Quindi, senza violazione del Codice della Strada non era possibile denunciare penalmente il responsabile del Movimento Trieste Libera e bloccare una manifestazione politica che per le autorità italiane non si doveva fare. Perché il passo successivo era la rimozione forzata dei cartelli segnaletici con le scritte del confine di Stato e le norme di riferimento. Cosa poi accaduta con tanto di richiesta di intervento ai Vigili del Fuoco.

Ma appunto mancavano i presupposti: non vi era alcuna vìolazione del Codice della Strada, come più volte detto ai poliziotti intervenuti per portare via quei cartelli simbolo di libertà. E lo hanno confermato due agenti della stessa Polizia Stradale rifiutatisi di eseguire un ordine illegittimo: nessuna vìolazione del Codice della Strada.

Non vi era alcun motivo per portare via di forza quei cartelli. Si è trattato di un arbitrario  sequestro preventivo confermato dalla Procura della Repubblica di Trieste, senza che ve ne fossero i presupposti, se non quello di impedire illegittimamante una manifestazione politica e di denunciare in maniera intimidatoria il presidente del movimento politico: gravissimo.

Come affermato dall’avvocato Edoardo Longo nel ricorso per il dissequestro: “I cartelli non provano un bel niente, sono oggetti inerti ed esterni al fatto di condotta, benchè “oggetti del desiderio” delle forze di polizia che volevano bloccare una manifestazione e basta. Siamo di fronte ad una evidente forzatura del PM (Pubblico Ministero) per sanare una condotta alquanto spregiudicata delle forze di polizia. Inoltre, appare grottesco ed allucinante che il PM ritenga necessaria l’acquisizione dei cartelli per “indagini sui manufatti/accertamenti tecnici/soggetti coinvolti “… ma dove siamo? Mica si tratta di banconote false o quadri falsi su cui debbano essere svolti accertamenti! …. Il sequestro effettuato per la “ricerca” di altre notizie di reato è vietato dalla legge in modo assoluto…. Il senso del sequestro non è quindi sorretto da una ragione apprezzabile, ma è in tutta evidenza un atto di polizia illegittimo, volto a impedire una manifestazione politica non gradita dalle autorità governative, nulla di più”.

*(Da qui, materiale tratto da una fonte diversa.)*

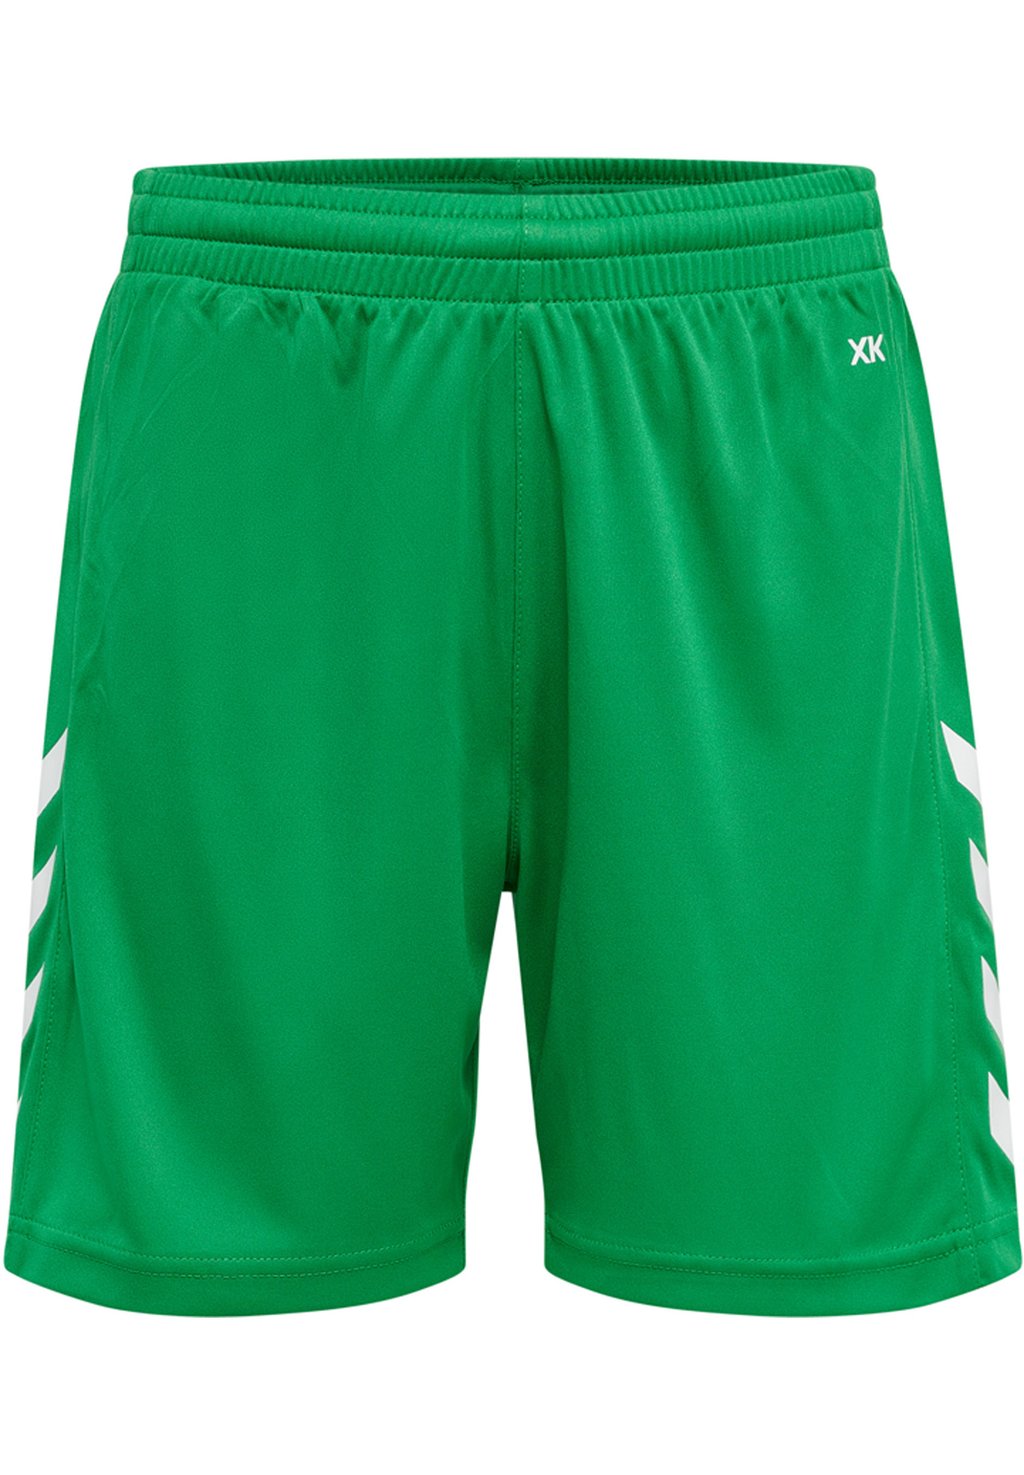 Спортивные шорты CORE XK POLY Hummel, цвет neon green спортивные шорты core xk poly hummel цвет acai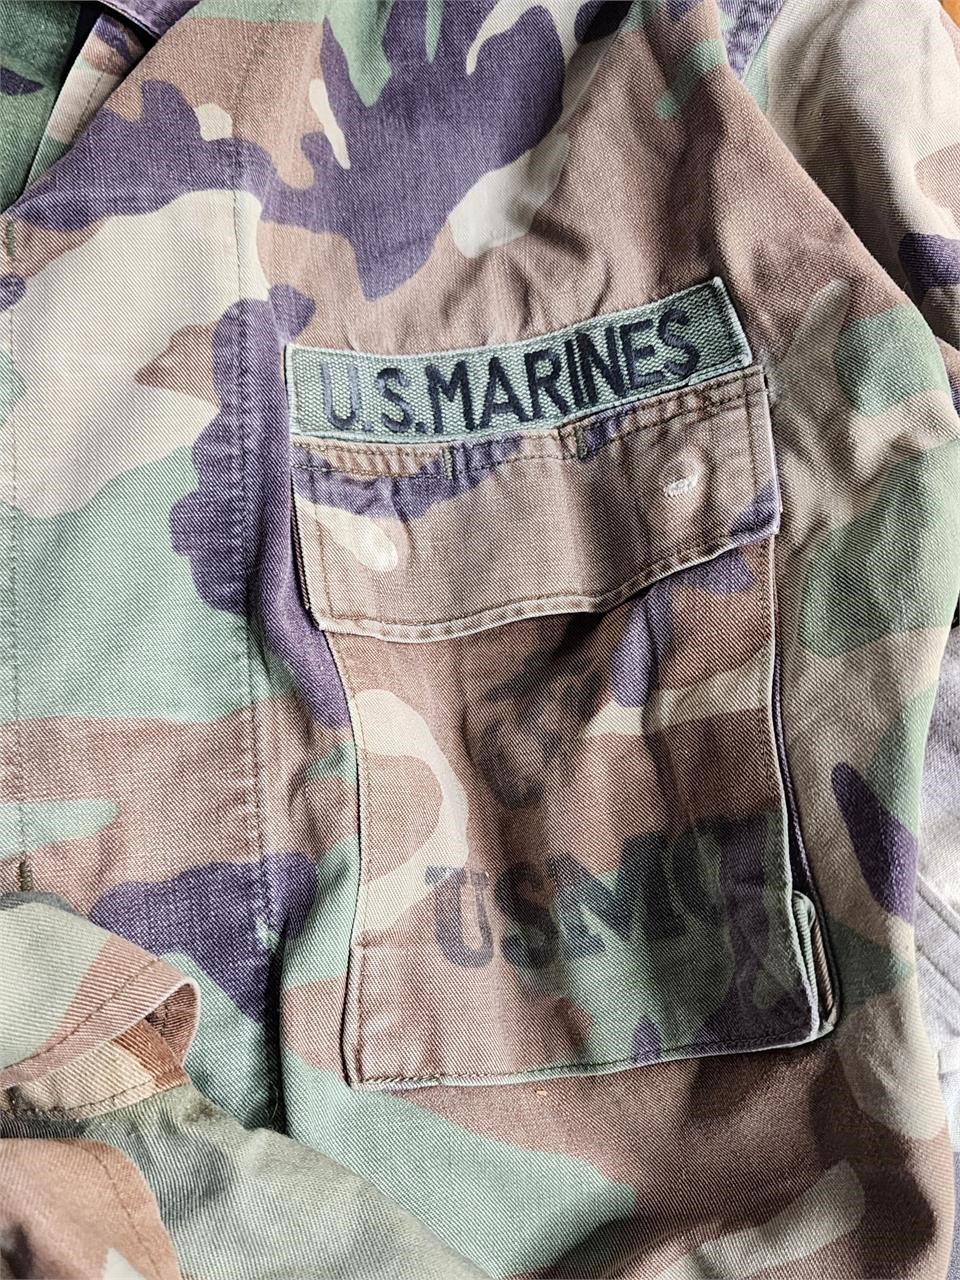 USMC Military BDU's camo.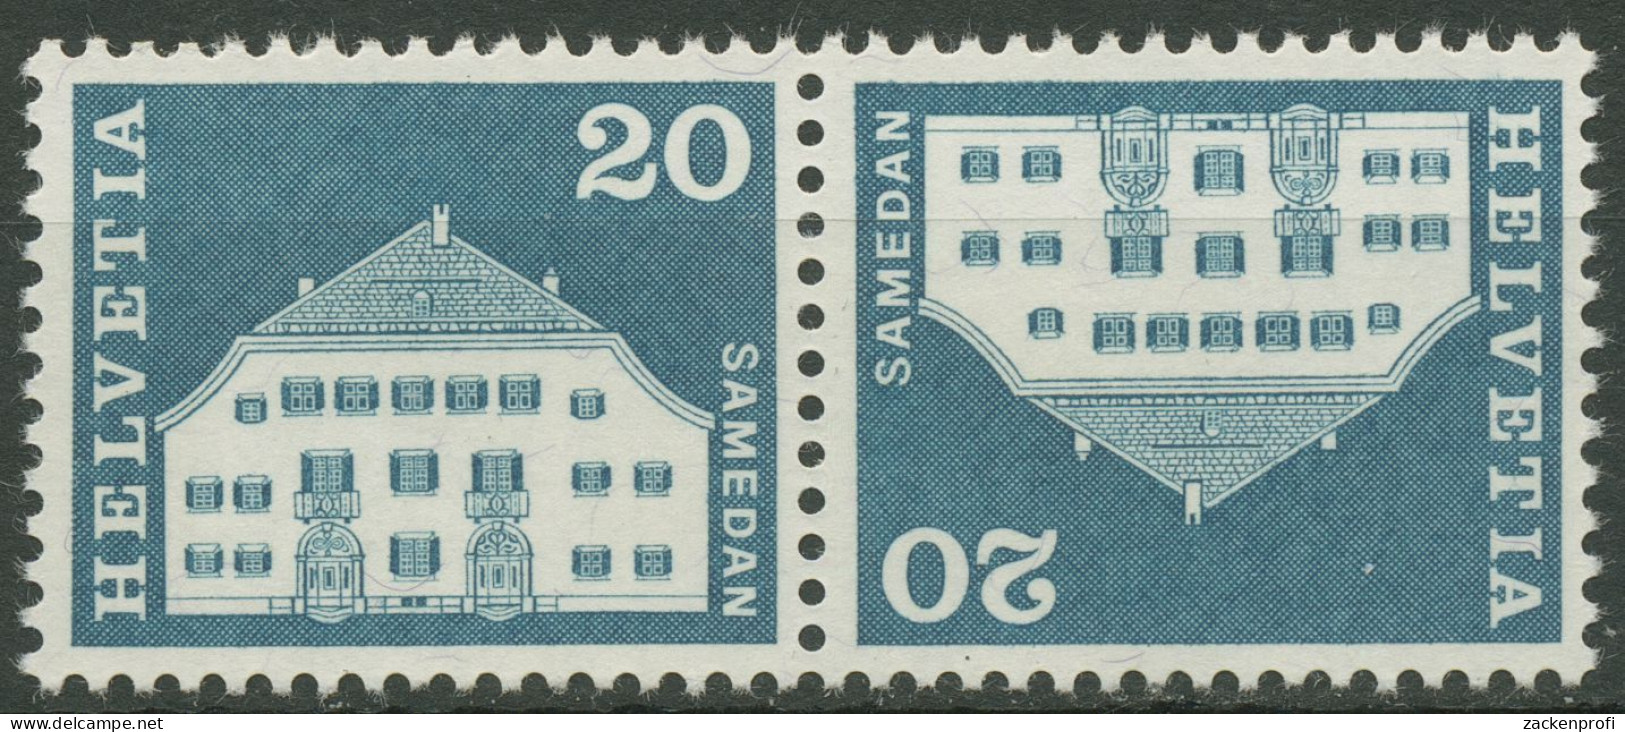 Schweiz 1968 Bauwerke Planta-Haus Samedan 881 Kehrdruck K 51 Postfrisch - Nuovi

Il 16 giugno, un mese dopo il sequestro, il Tribunale del Riesame ha accolto il ricorso del Movimento Trieste Libera dissequestrando i cartelli del “confine contestato”. Secondo i giudici “Trattasi di beni non rientranti in alcuna delle ipotesi di confisca obbligatoria”.

Quanto accaduto ha fatto riemergere la “direttiva Frezza”, ovvero la comunicazione del 17.12.2013  alla DIGOS (si veda il post: “Repressione dell’autorità giudiziaria contro i cittadini di Trieste”) con cui il Pubblico Ministero Federico Frezza invitava la Questura ad “interpretare” la legge per incriminare gli aderenti al Movimento Trieste Libera di reati inesistenti (eversione e sovvertimento delle istituzioni pubbliche…): atti degni di un   vero Stato di Polizia.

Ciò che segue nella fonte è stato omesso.